2. A structured educational monitoring data management system for autism children according to claim 1, wherein the calculating the signal-to-noise ratio of each net difference window of a previous frame of rehabilitation monitoring image of the difference image and the adjacent frame of rehabilitation monitoring image as a local signal-to-noise ratio comprises:

for any net difference window in the difference image, calculating a gray variance corresponding to the net difference window according to the pixel value of a pixel point in the net difference window in the previous frame of the rehabilitation monitoring image in the adjacent frame of the rehabilitation monitoring image and the gray mean value of the previous frame of the rehabilitation monitoring image in the adjacent frame of the rehabilitation monitoring image, and taking the gray variance as a first variance; calculating a gray variance corresponding to the difference image according to the pixel value of the pixel point in the net difference window in the difference image and the gray mean value of the difference image, and taking the gray variance as a second variance; and taking the logarithmic function value taking 10 as a base and taking the ratio of the first variance and the second variance as a true number as a local signal-to-noise ratio corresponding to the net difference window.

3. The structured teaching monitoring data management system for autism children according to claim 1, wherein the calculation formula of the mean square error of each pixel point in the previous frame of pixel points and the subsequent frame of rehabilitation monitoring image is:

wherein ,the mean square error of any pixel point b in the rehabilitation monitoring image of the previous frame pixel point a and the subsequent frame; />Is the size of the local window; />The compensation value of the v pixel point in the partial window to which the pixel point a of the previous frame belongs; />The compensation of the v-th pixel point in the local window to which the pixel point b belongs in the rehabilitation monitoring image of the next frameAnd (5) compensating.

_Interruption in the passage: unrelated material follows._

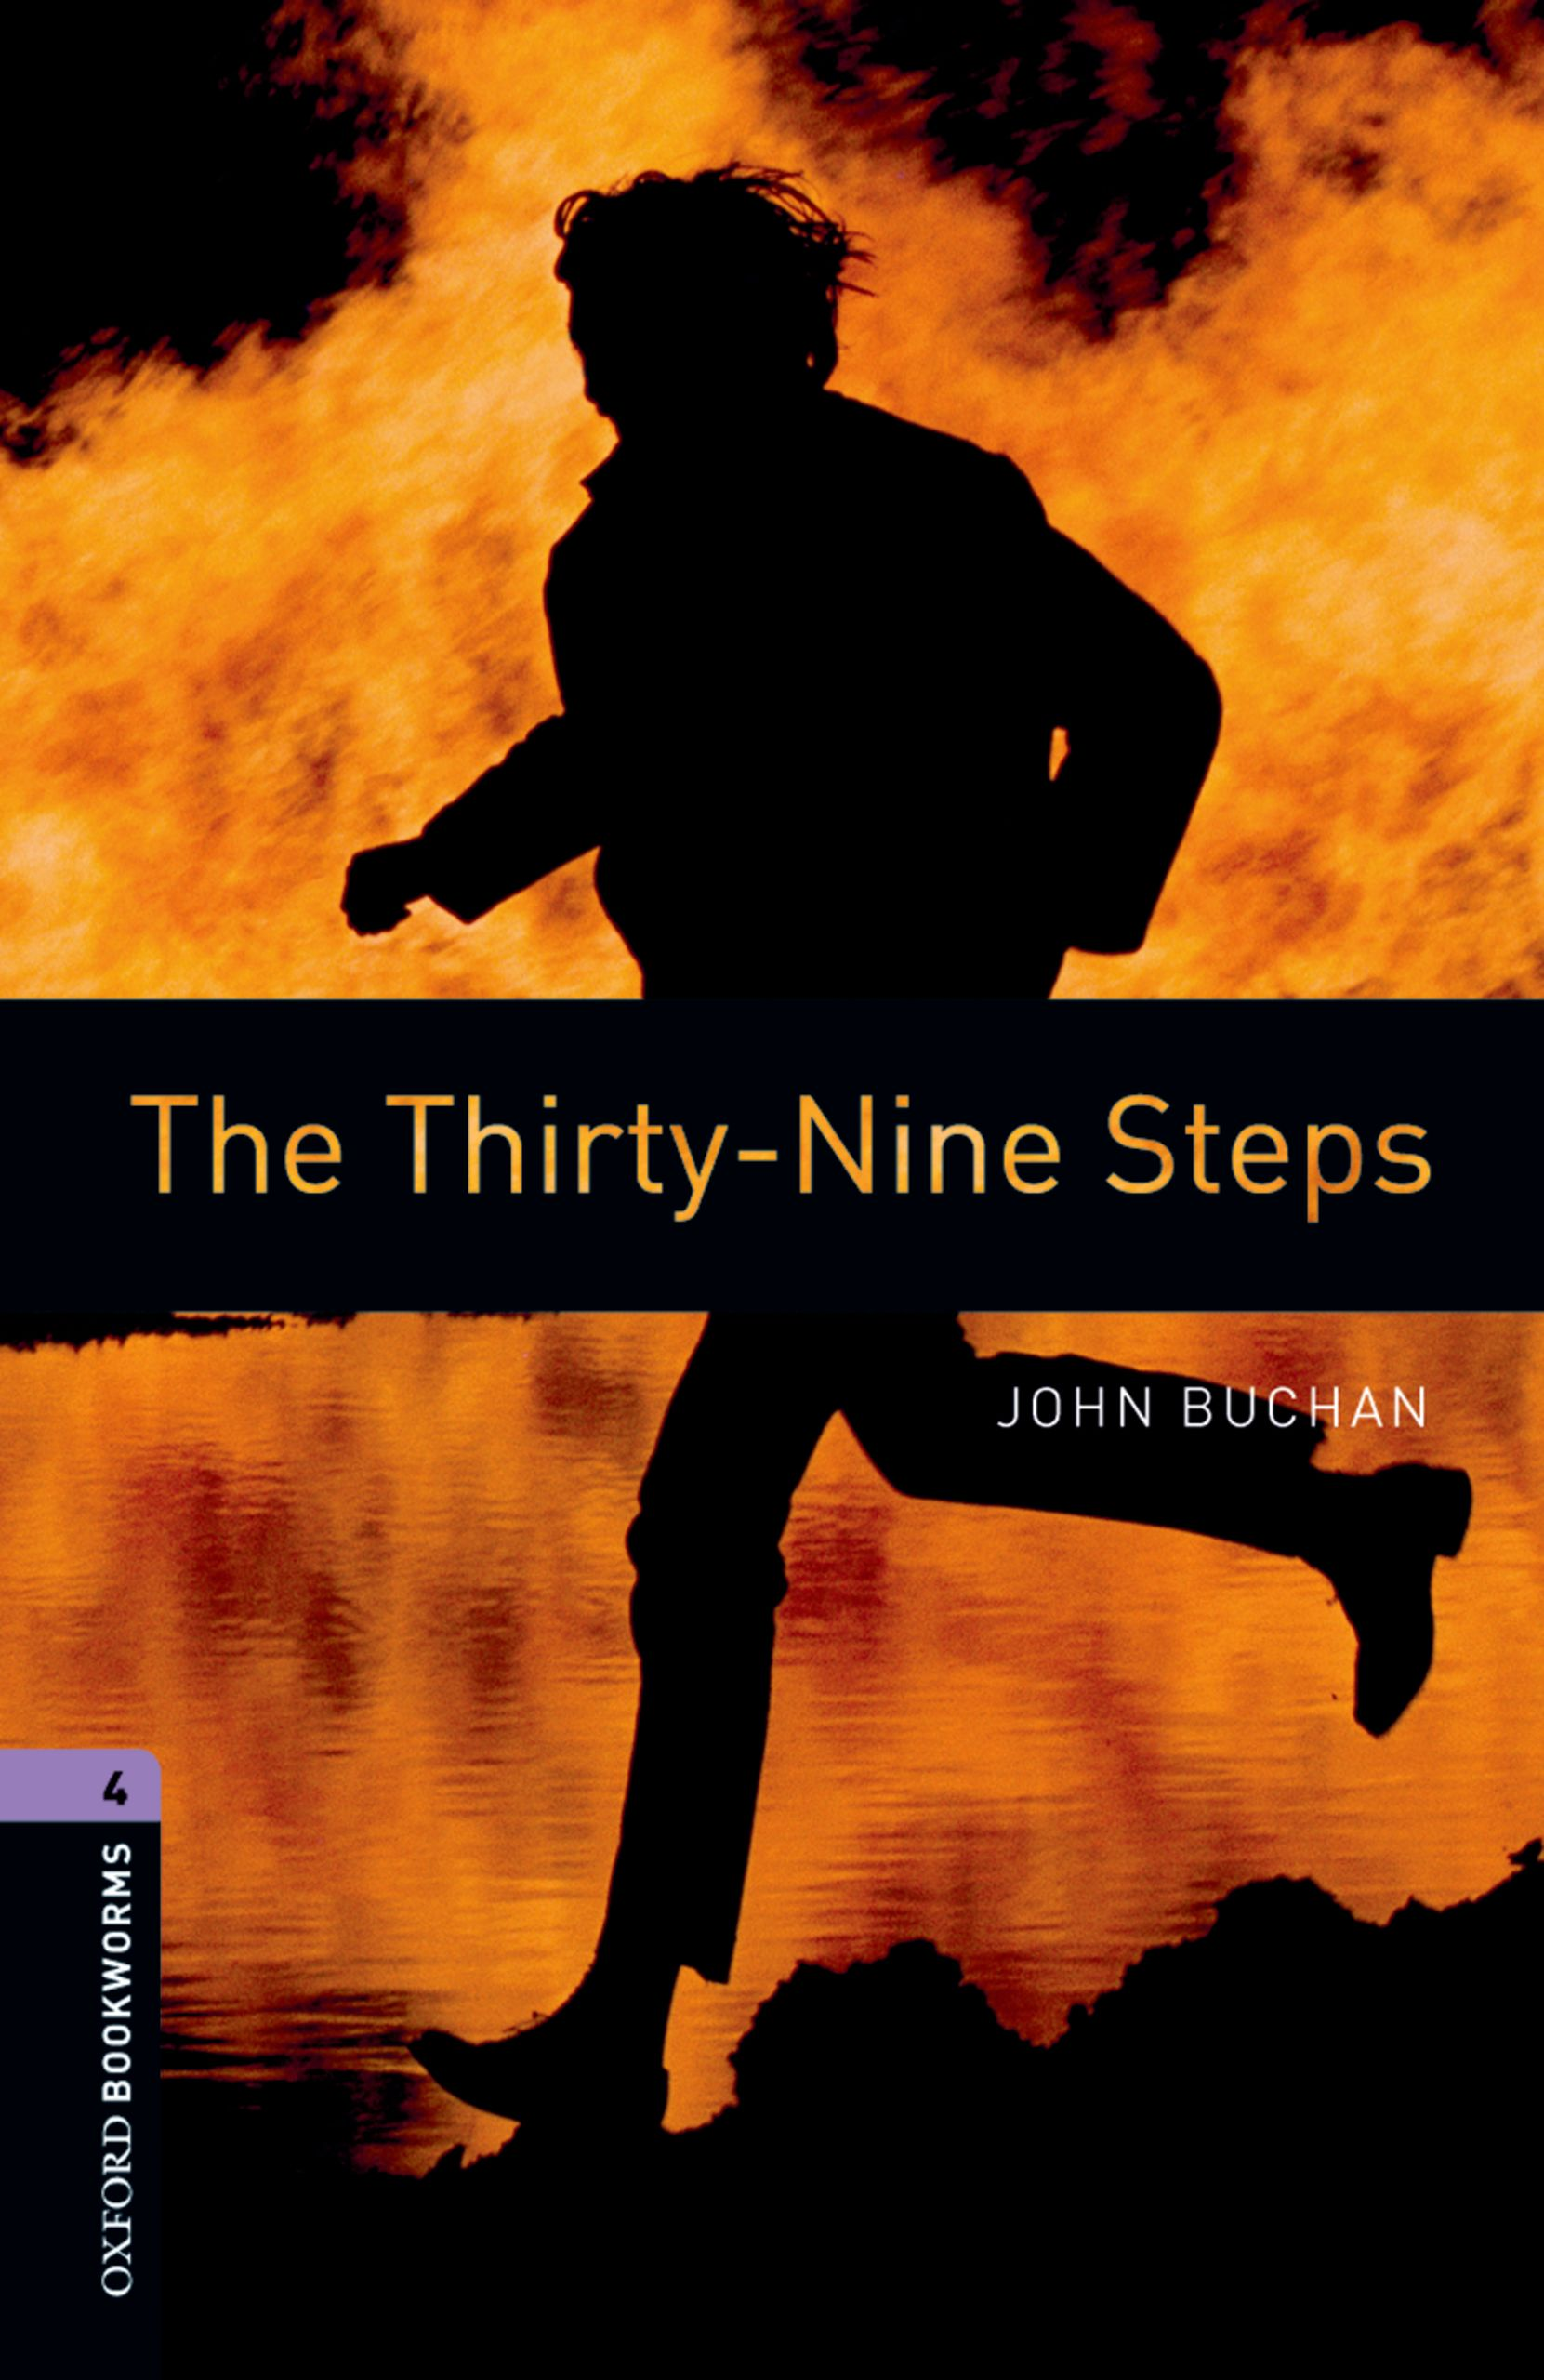 Buchan John The Thirty-Nine Steps

4. The system for managing structured teaching and monitoring data for autism children according to claim 1, wherein the obtaining the dynamic area and the background area in the rehabilitation monitoring image in structured teaching for autism children according to the optical flow vector corresponding to the matched pixel pair comprises:

and acquiring an optical flow vector corresponding to the matched pixel, forming an optical flow field by the optical flow vector, and determining a dynamic region and a background region in a later frame of rehabilitation monitoring image in the adjacent frame of rehabilitation monitoring image corresponding to the matched pixel pair according to the optical flow field.